- Pitcher
- Born: December 19, 1898 Tabor, South Dakota, U.S.
- Died: December 8, 1961 (aged 62) San Gabriel, California, U.S.
- Batted: RightThrew: Right

MLB debut
- April 17, 1925, for the Pittsburgh Pirates

Last MLB appearance
- September 26, 1937, for the St. Louis Browns

MLB statistics
- Win–loss record: 10–21
- Earned run average: 5.58
- Strikeouts: 87
- Stats at Baseball Reference

Teams
- Pittsburgh Pirates (1925–1926); Brooklyn Robins (1928–1929); Philadelphia Phillies (1929–1930); St. Louis Browns (1937);

= Lou Koupal =

American baseball player (1898–1961)

Louis Laddie Koupal (December 19, 1898 – December 8, 1961) born in Tabor, South Dakota, was an American pitcher for the Pittsburgh Pirates (1925–26), Brooklyn Robins (1928–29), Philadelphia Phillies (1929–30) and St. Louis Browns (1937).

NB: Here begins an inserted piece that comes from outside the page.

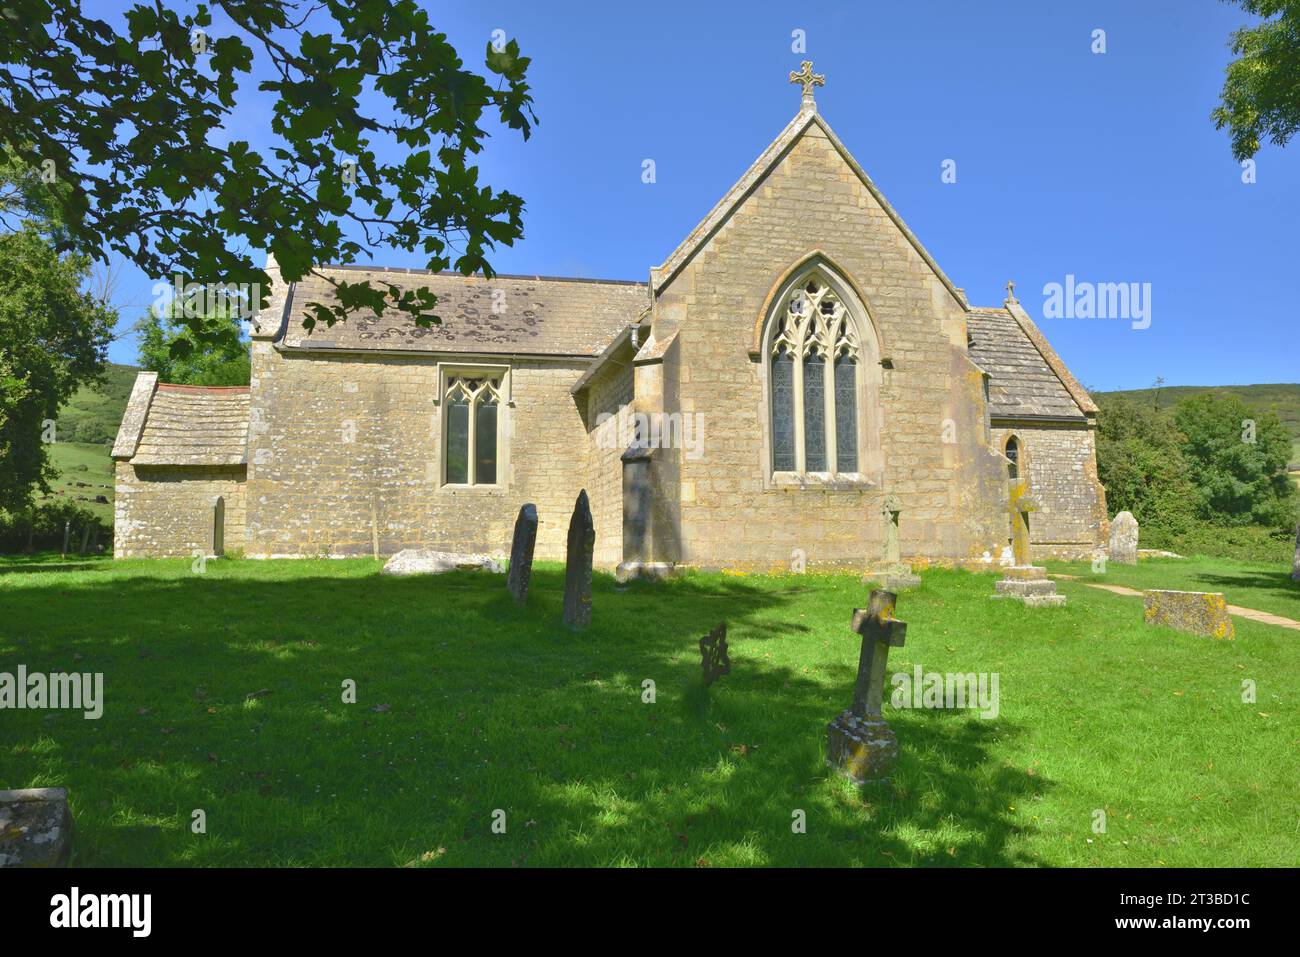 La chiesa di St Mary nel villaggio in rovina del Dorset di Tyneham. La chiesa, tuttavia, rimane praticamente intatta. Foto Stock

Koupal was of Czech descent. As a rookie in 1925, he appeared in six games, all in relief, for the Pirates, who would go on to win the World Series, though Koupal did not pitch in the postseason.

In six seasons, Koupal had a 10–21 won-lost record, 101 appearances, with 35 starts, 12 complete games, 40 games finished, 7 saves, 335 1/3 innings pitched, 436 hits allowed, 255 runs allowed, 208 earned runs allowed, 23 home runs allowed, 156 walks allowed, 87 strikeouts, 5 hit batsmen, 11 wild pitches, 1,560 batters faced and a career ERA of 5.58.

Koupal died in San Gabriel, California at the age of 62.